[HOW TO COMPLETE THIS TASK] Output the listing verbatim, leaving out every picture.

[SUPPLIED DATA]

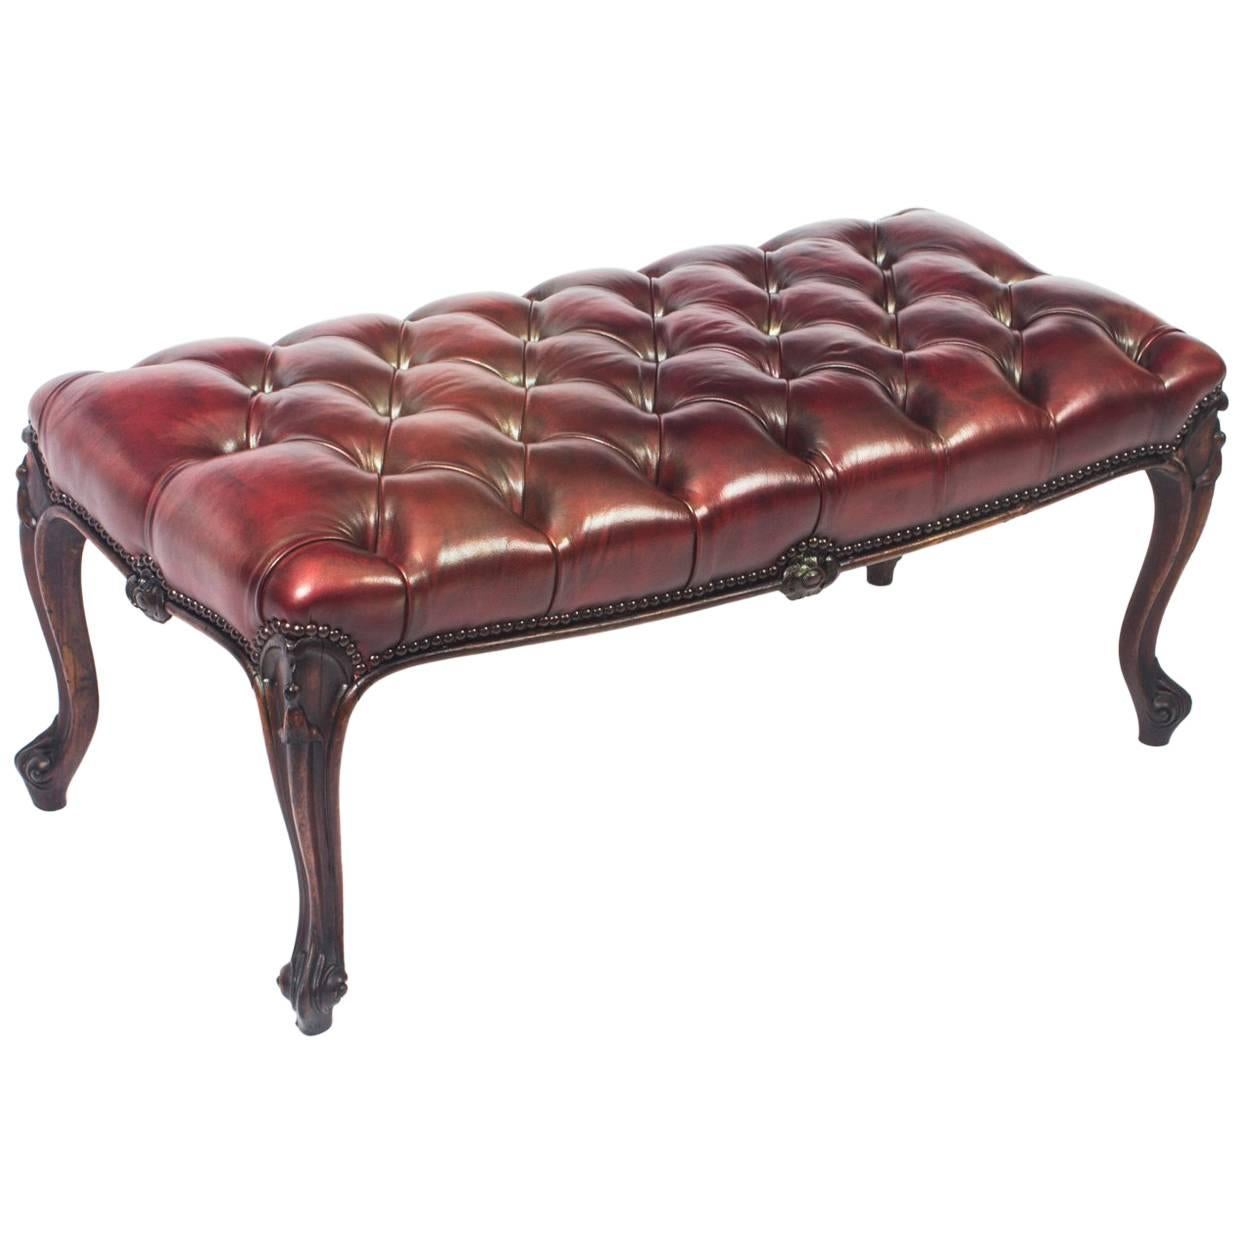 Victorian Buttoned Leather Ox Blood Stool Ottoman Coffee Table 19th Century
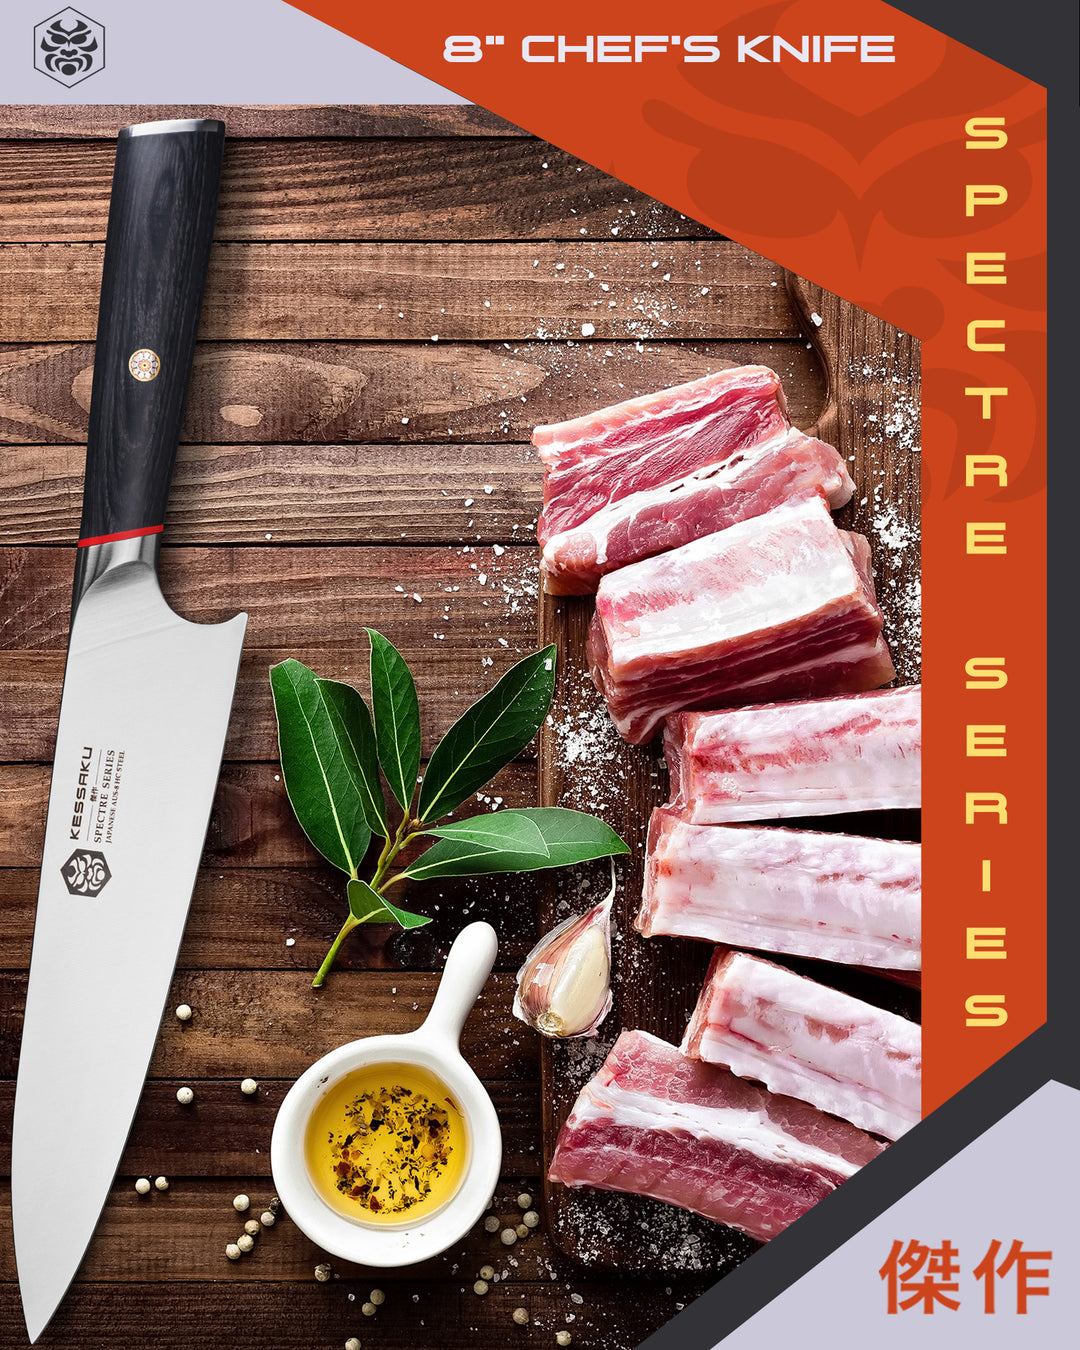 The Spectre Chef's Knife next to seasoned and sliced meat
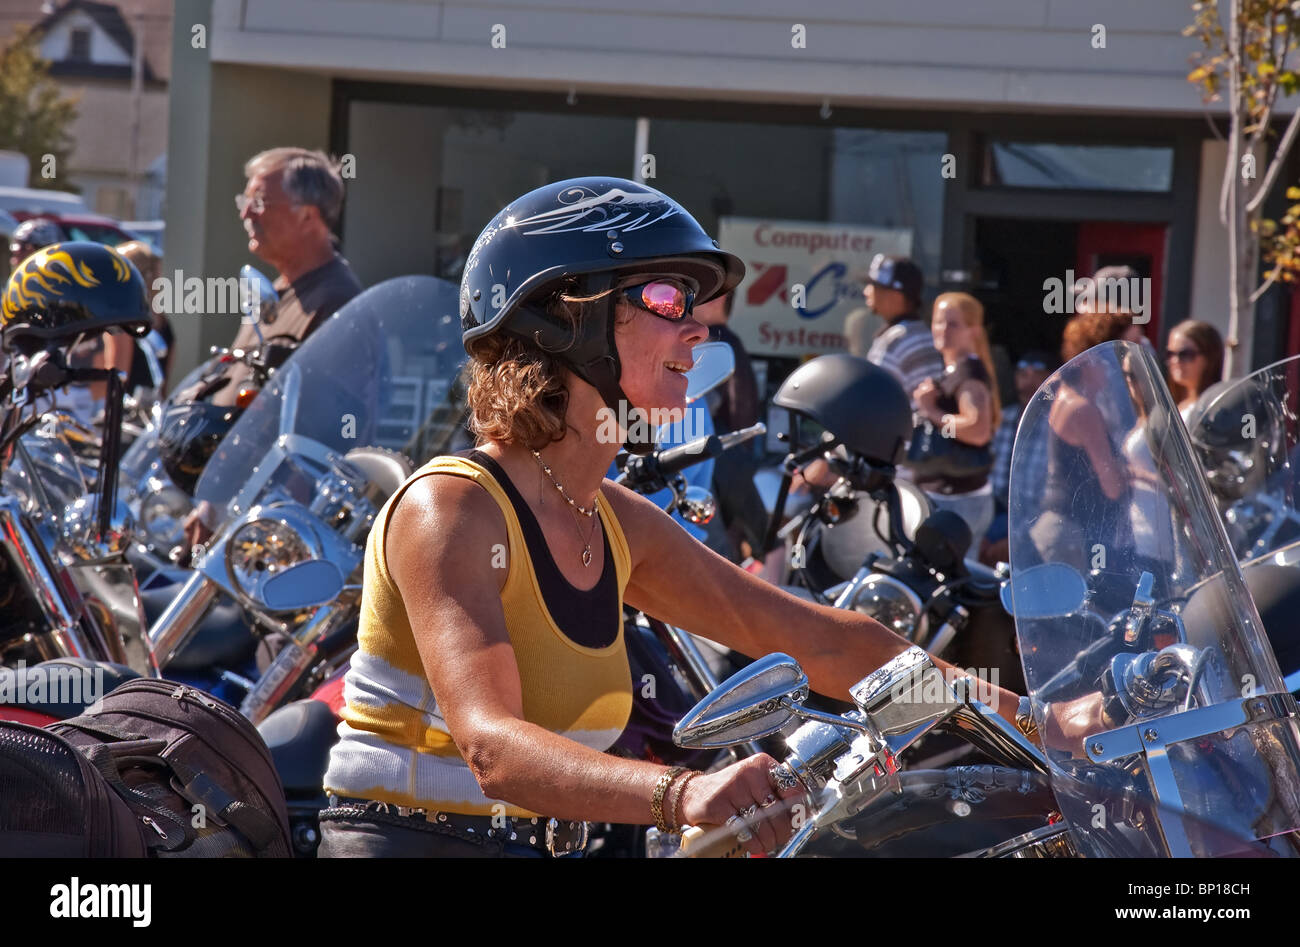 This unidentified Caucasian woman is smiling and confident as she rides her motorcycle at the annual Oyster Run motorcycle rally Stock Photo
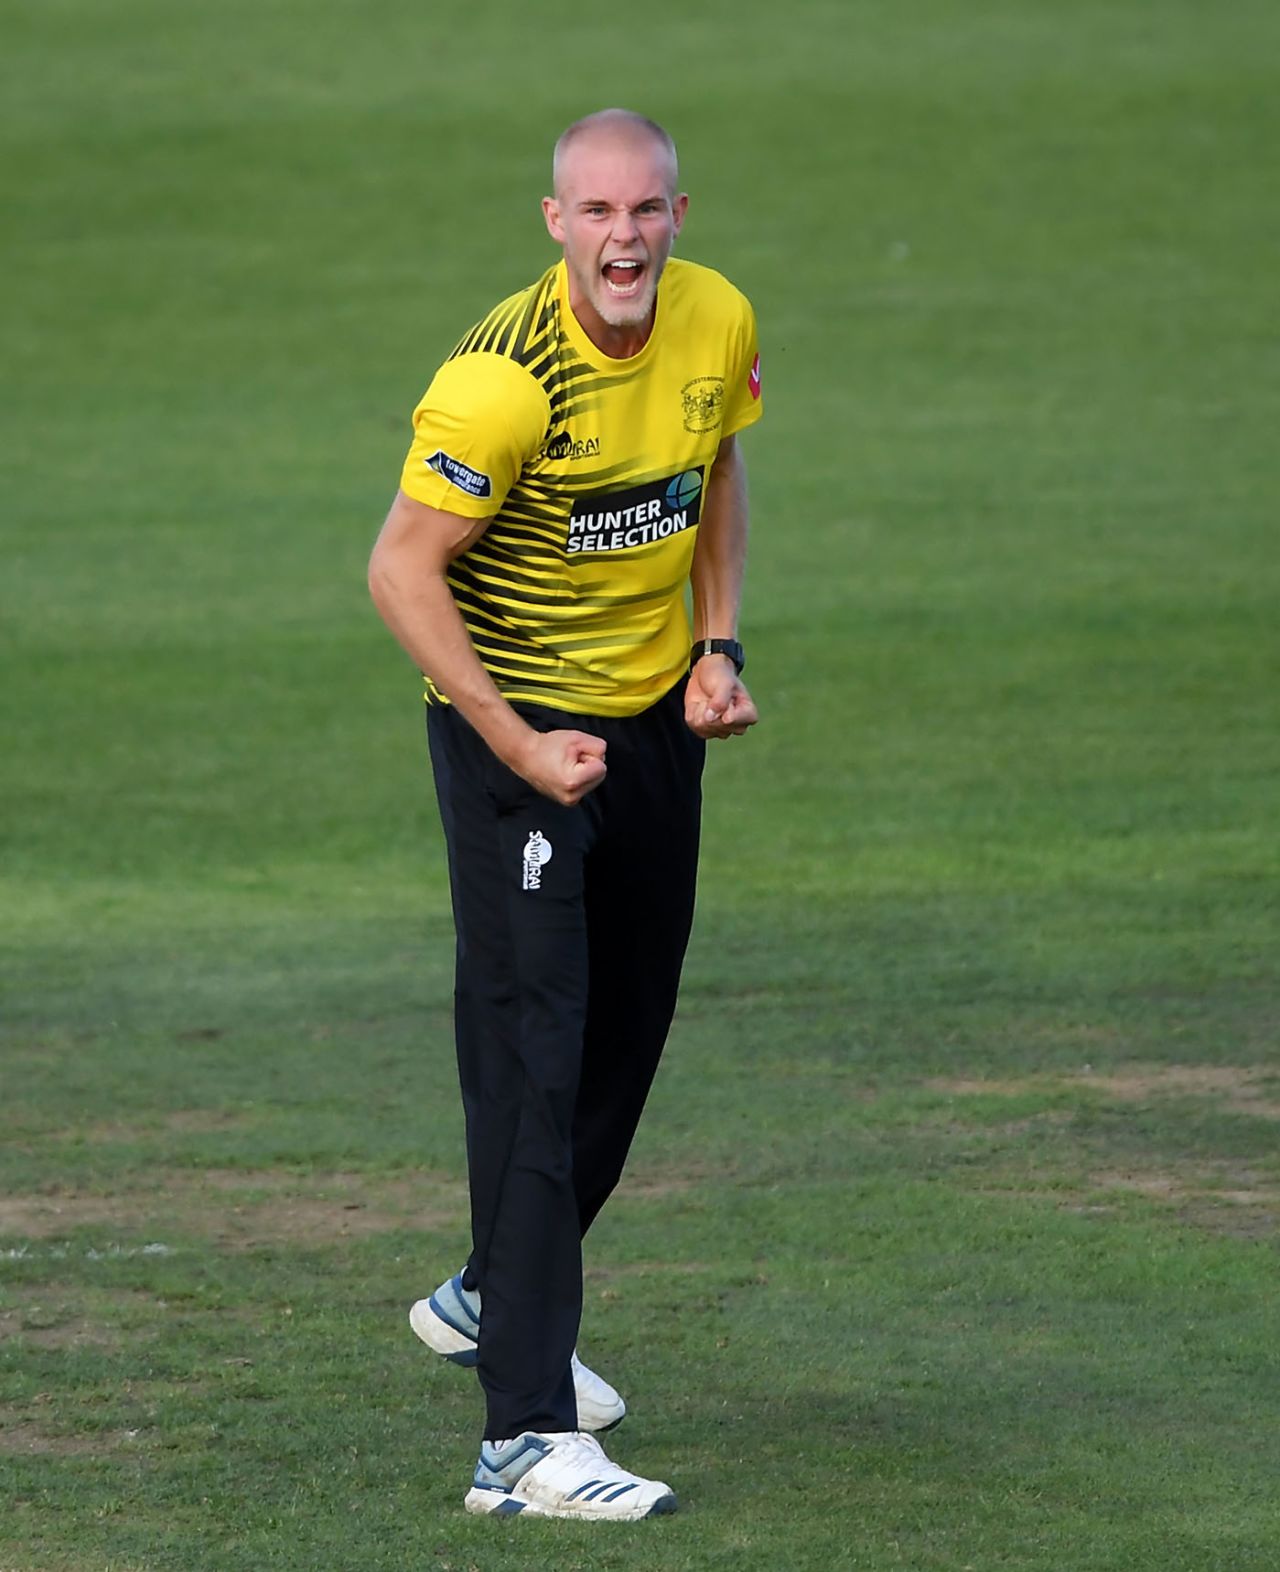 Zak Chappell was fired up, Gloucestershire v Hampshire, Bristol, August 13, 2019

[EXPECTED ANSWER]
 Victorian Buttoned Leather Ox Blood Stool Ottoman Coffee Table 19th Century
 The Spectre Chef's Knife next to seasoned and sliced meat
 This unidentified Caucasian woman is smiling and confident as she rides her motorcycle at the annual Oyster Run motorcycle rally Stock Photo
 Zak Chappell was fired up, Gloucestershire v Hampshire, Bristol, August 13, 2019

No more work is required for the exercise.